§ Input data:

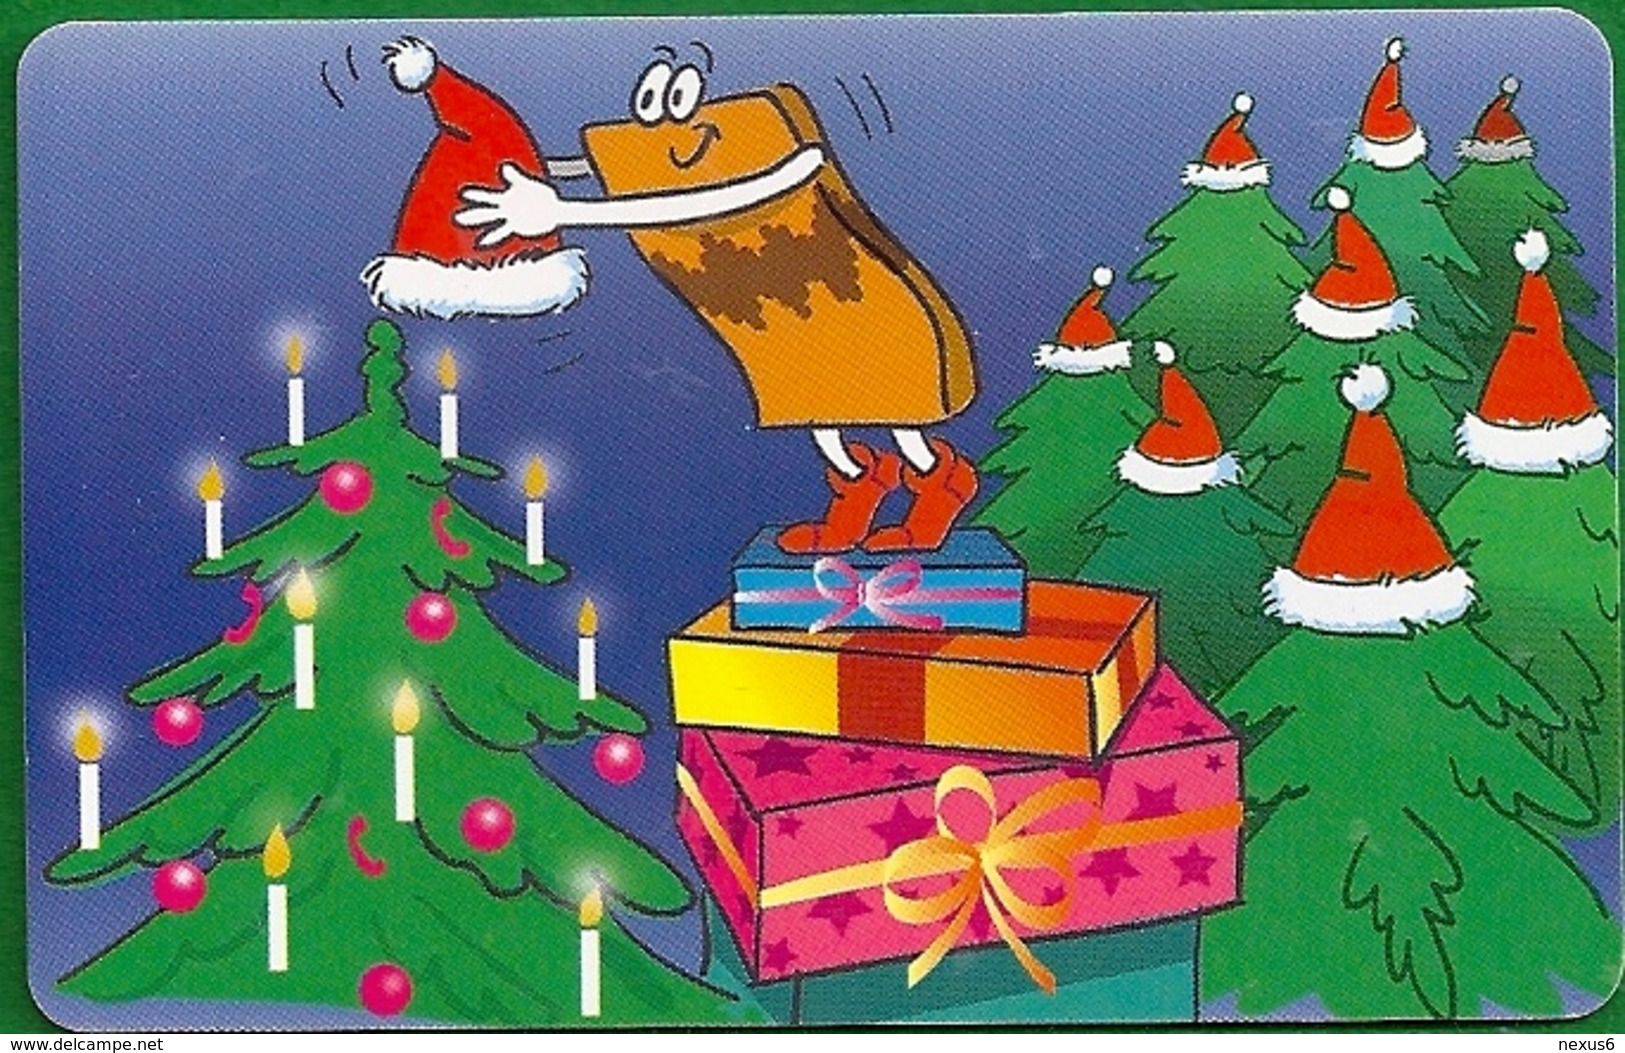 Germany - Die Lustigen Prepaid-Karten 6 - Christmas - M 03-10.2002 - 68.000ex, Used - M-Series : Merchandising
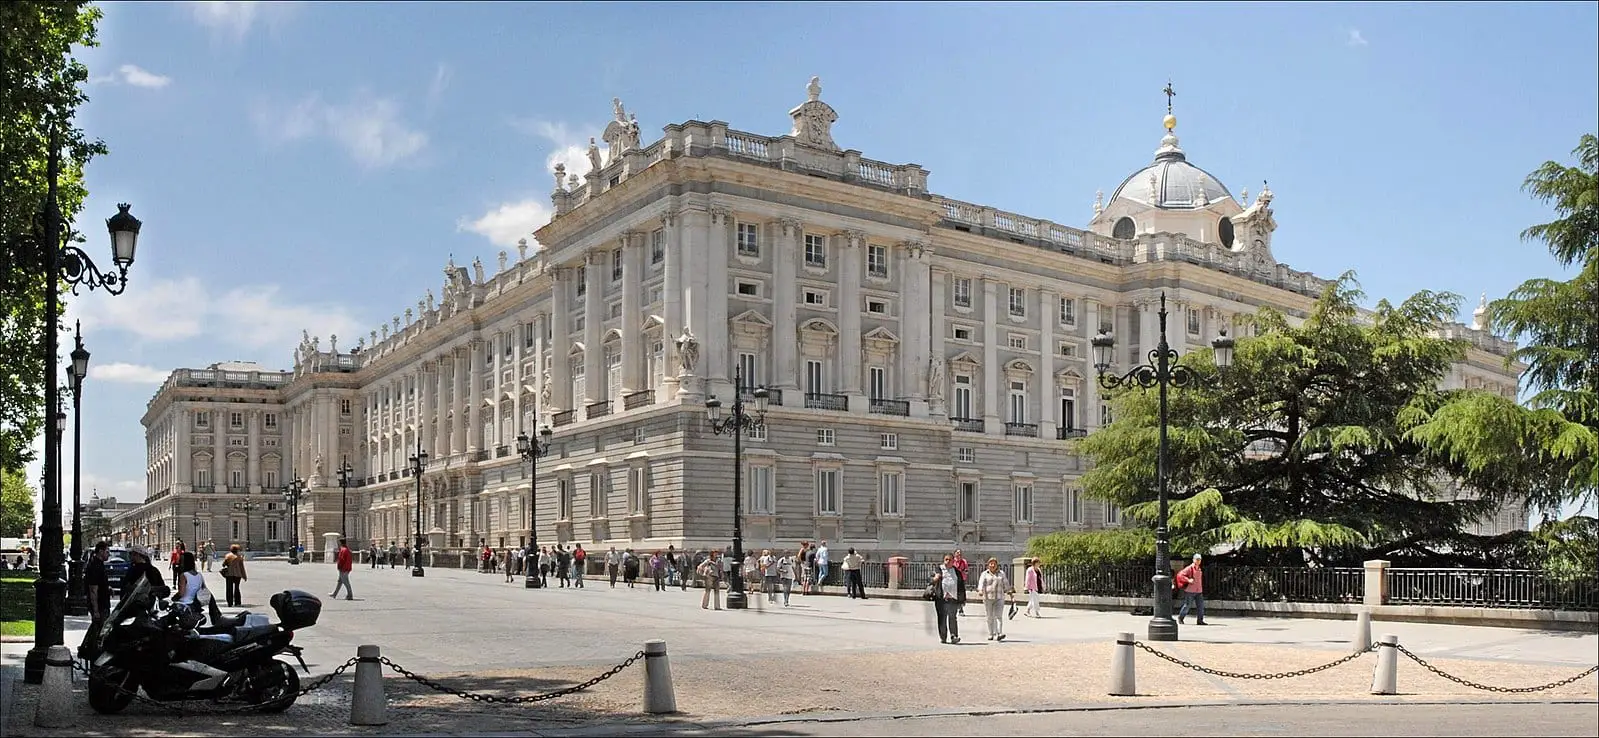 Vacanta in Madrid. 7 locuri de care te poti bucura gratuit in orasul construit pe ruinele unui fort maur
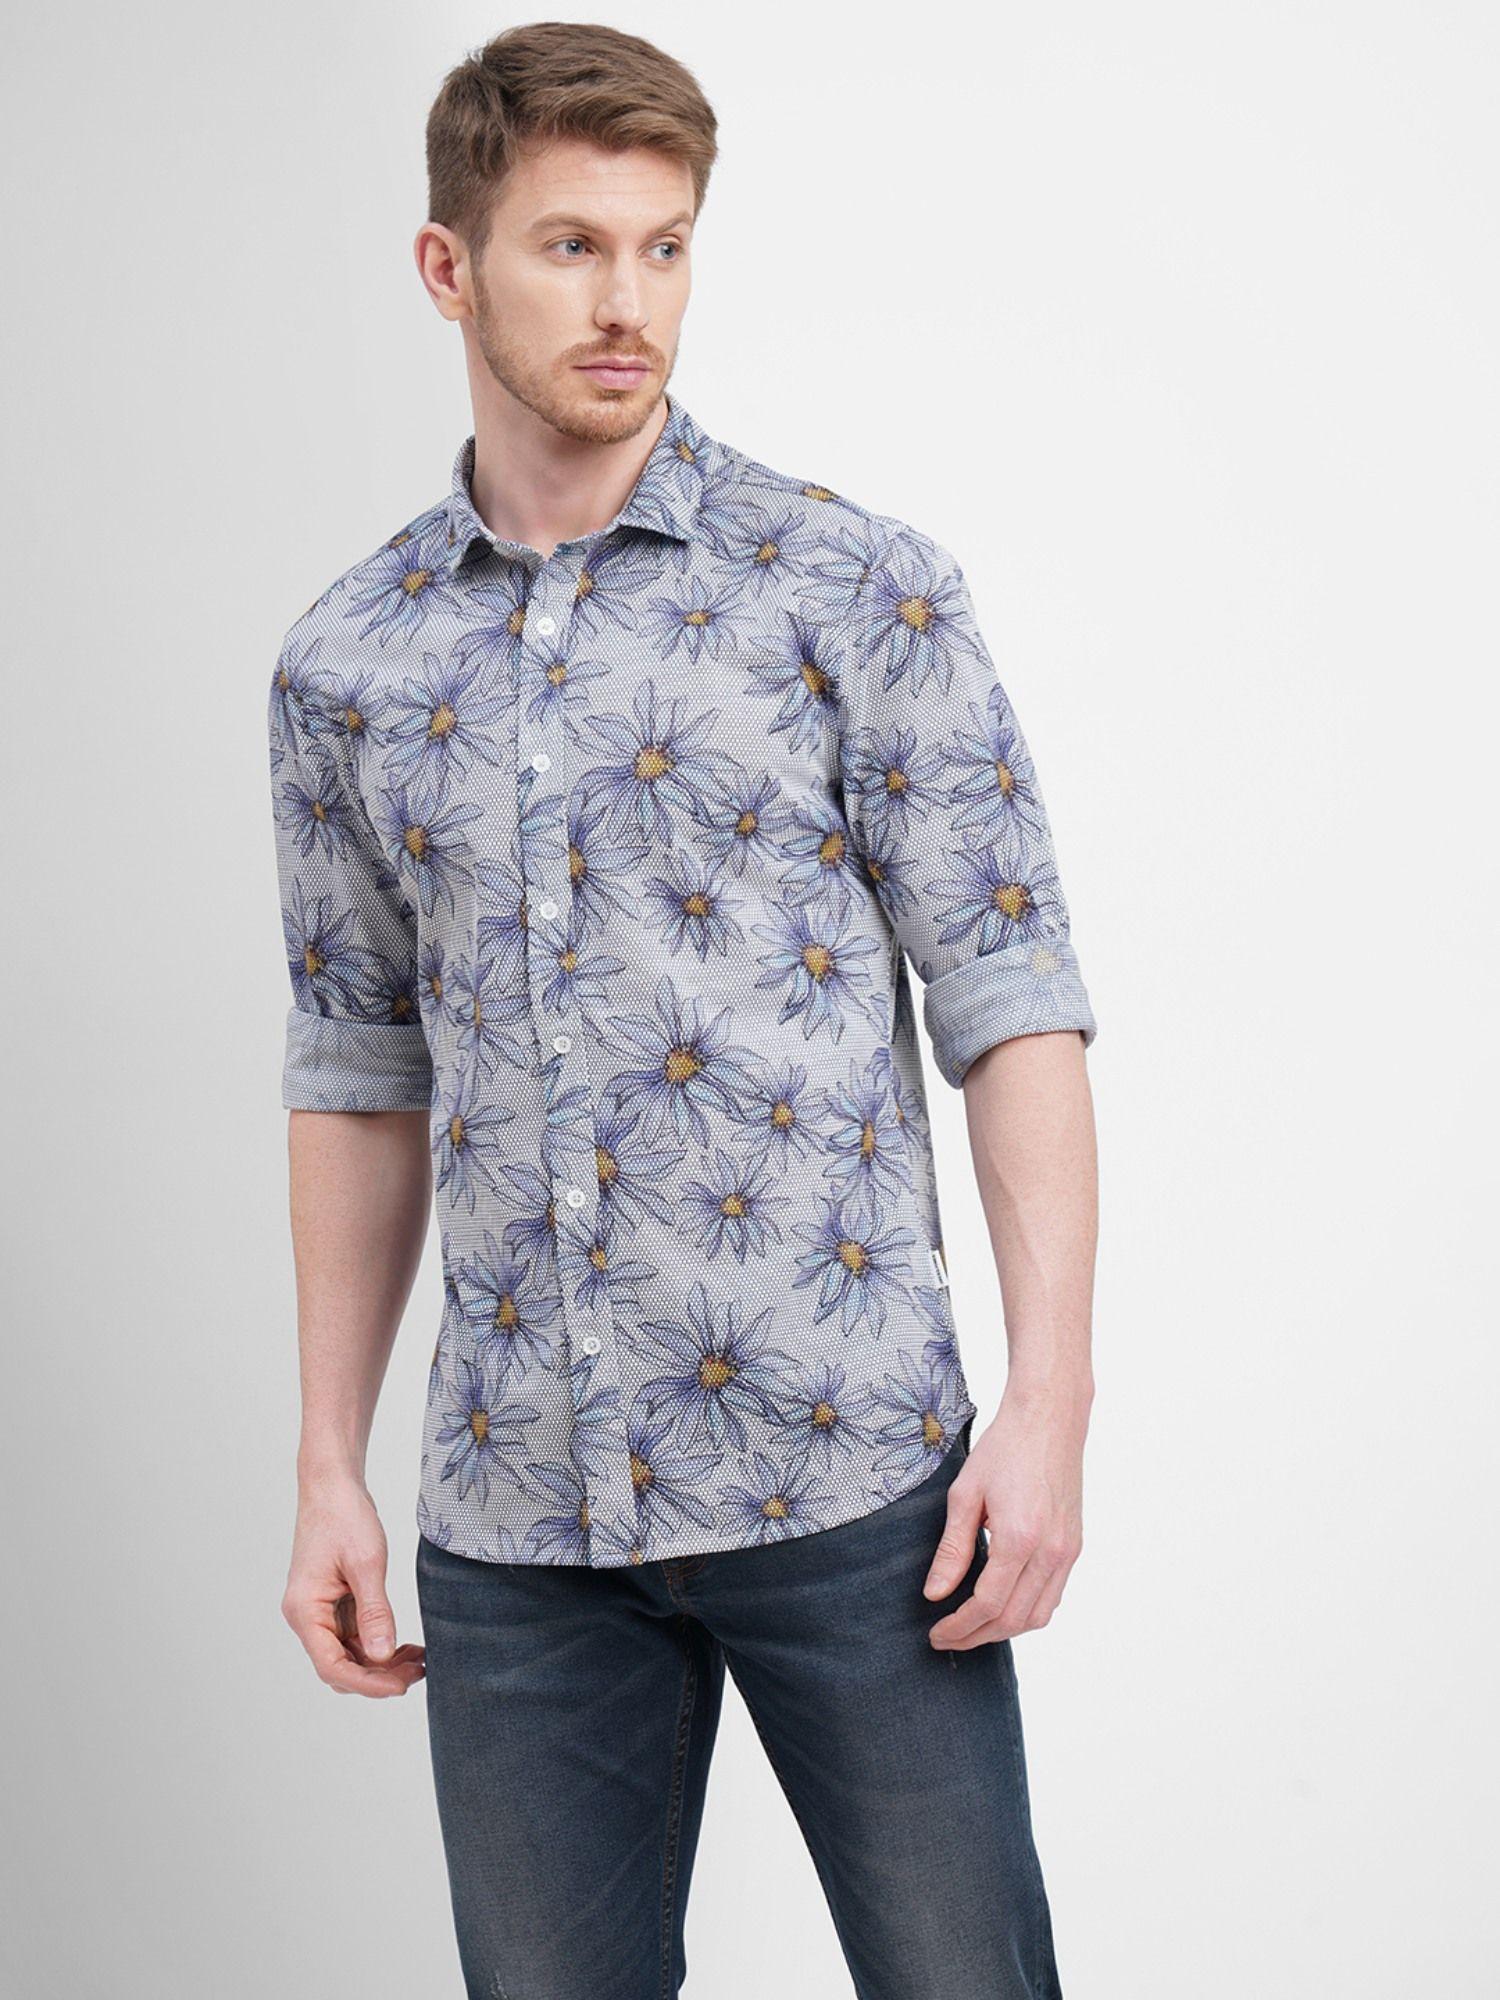 blue sunflower print full sleeves shirt

§ Task statement: Skipping all images, output the listing exactly.

§ Solution below:
 Germany - Die Lustigen Prepaid-Karten 6 - Christmas - M 03-10.2002 - 68.000ex, Used - M-Series : Merchandising
 Vacanta in Madrid. 7 locuri de care te poti bucura gratuit in orasul construit pe ruinele unui fort maur
 blue sunflower print full sleeves shirt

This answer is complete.